Nina posted some questions about her 10-year-old daughter lying about eating and drinking in the bedroom and watching TV with the door closed. Nina wants to how she can tell if her daughter is deliberately lying or simply forgetful, as her daughter was a micro-preemie, and Nina is worried that her premature birth has affected her behavior and memory.

Nina is also wondering about the best way to encourage her daughter to tell the truth about her behavior. Her husband feels that their daughter plays both of her parents against each other, and he punishes her by saying that he is not going to take her anywhere for the summer; she won’t be allowed to go bike riding or have other interesting adventures. Nina wants to know if these are apt punishments for her daughter’s behavior.

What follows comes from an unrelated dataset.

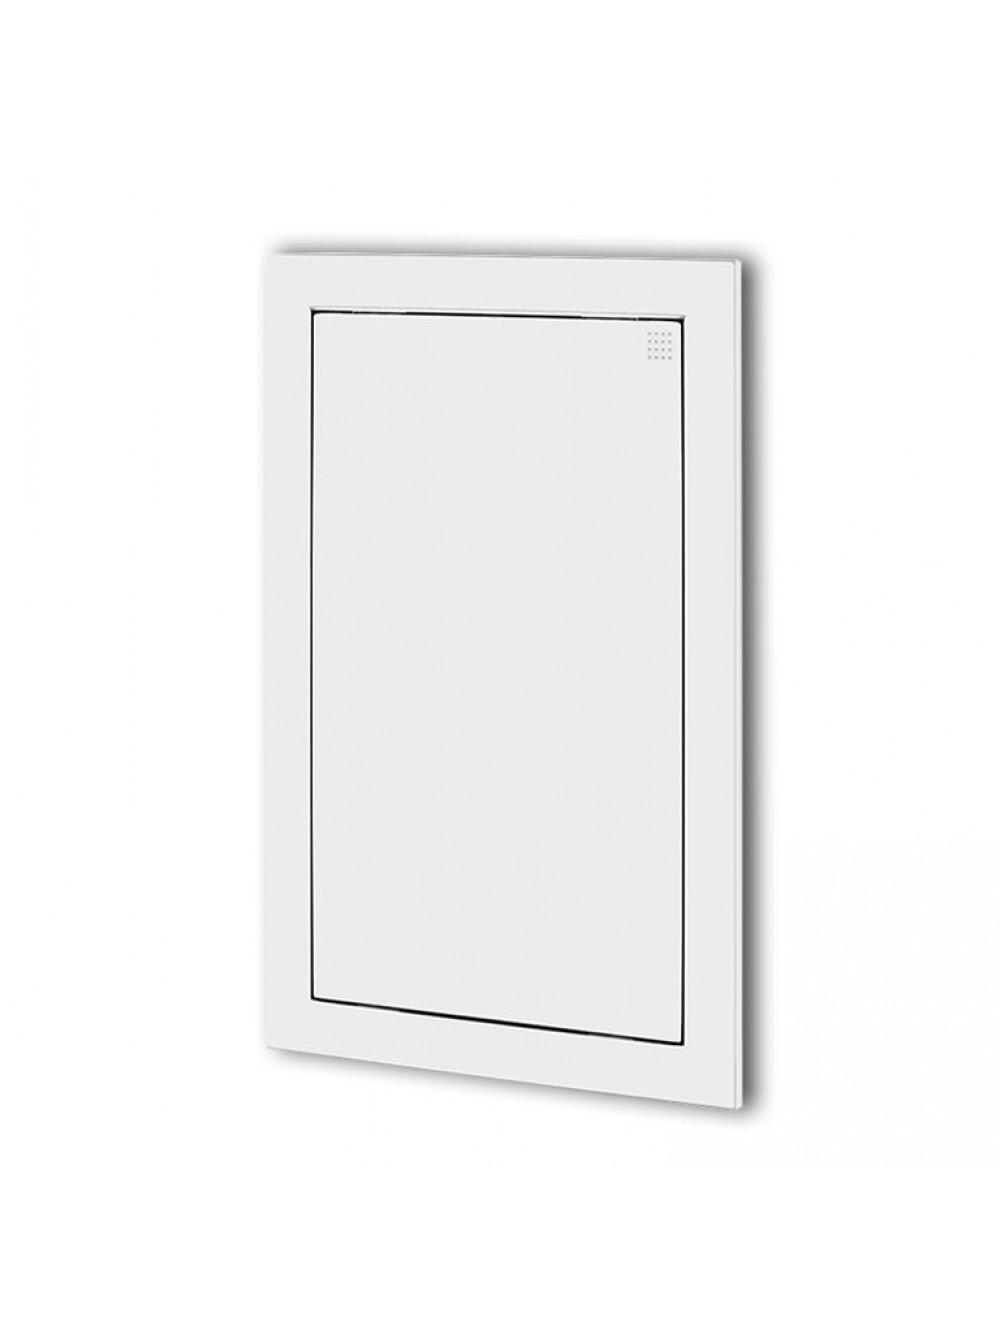 пластиковый сантехнический люк дверца фото концепция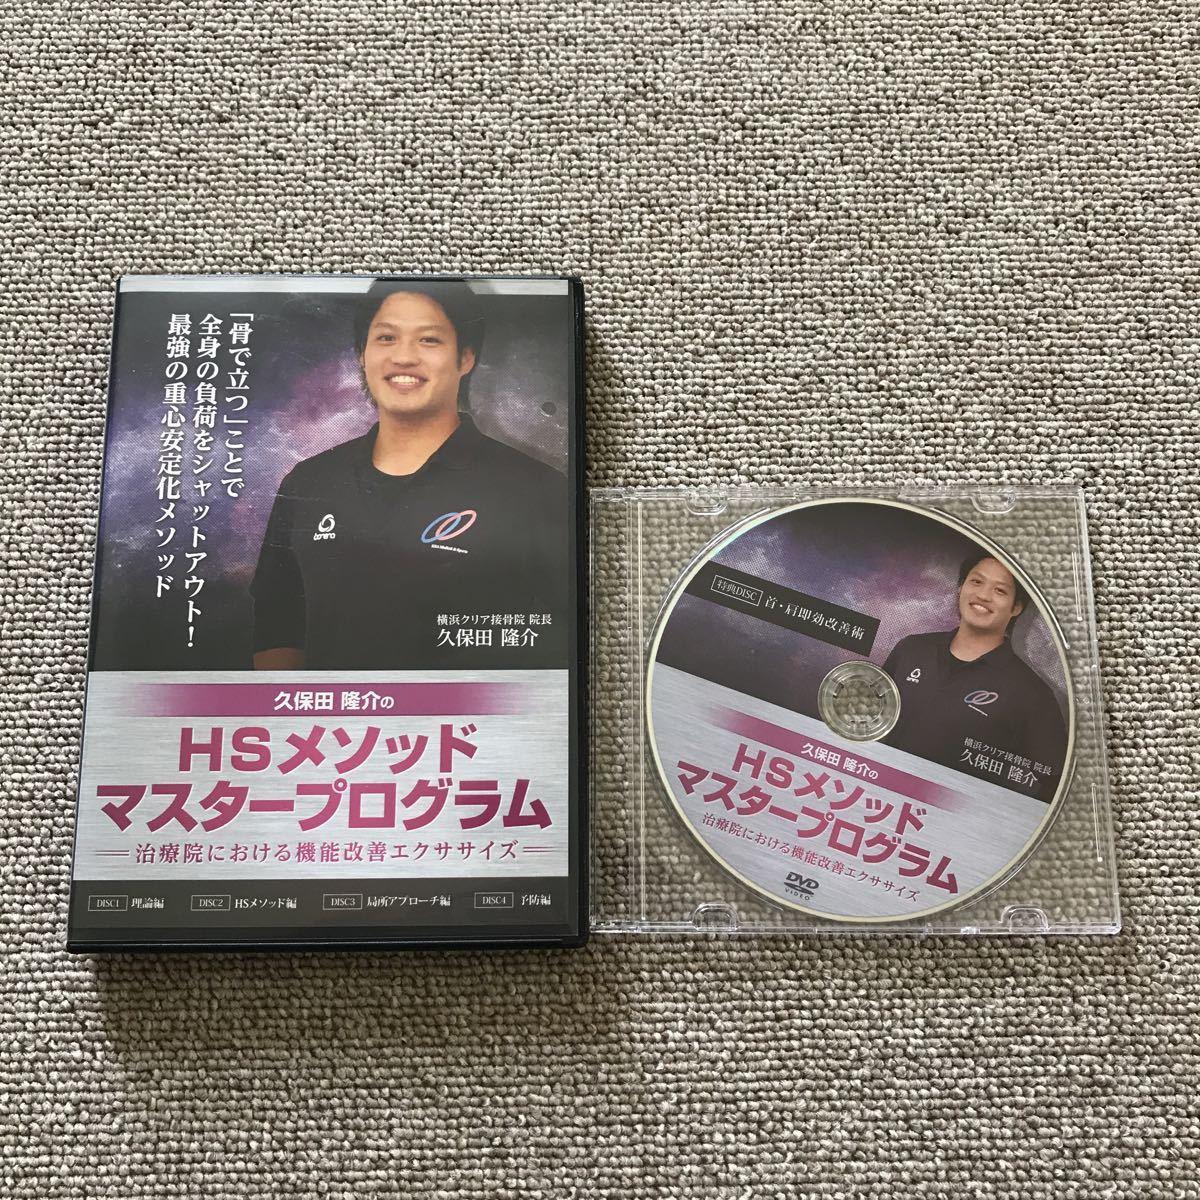 HSメソッド マスタープログラム DVD 特典DVD付

Unfortunately for parents, there is no absolute, surefire way to determine if your child is deliberately lying or has simply forgotten the rules. Therefore, instead of spending your time trying to figure out if your daughter is lying, shift your focus to trying to help her remember the rules.


Tell your daughter, “I can see that it has been hard for you to remember our rules about not eating in the bedroom and watching TV with the door closed. Let’s see if we can figure out a way to help you remember.”

Try different ways to help her with her memory, such as having her write sticky notes with the rules and posting them near the TV, or making poster collages with pictures of food that is crossed out.

Any extra practice with memory tricks will be helpful for children who have experienced developmental difficulties.


Tell her that even though it may be hard for her to remember, she will still need to learn the consequences for breaking the rules.
Discuss what those consequences will be and follow through on them every time. She needs to see that the end result is the same, whether she lies or forgets, and you won’t have to waste time or energy trying to figure out if she is lying.

Be on the lookout for times when she does remember the rules. Give lots of positive attention, such as saying, “I noticed that you finished your snack in the kitchen before you went in to watch television. You must feel good about remembering to follow the rules. I’m really proud of you.”

Make a behavior chart to keep track of days where she was able to follow the rules.
Think of rewards that she can earn after a week or a month of good days.

In terms of the consequences, discipline works better if it is specific, immediate, is appropriate for the situation, and allows the child to make up for breaking the rules.
For example, a consequence of eating where she is not supposed to could be having to clean and vacuum the area.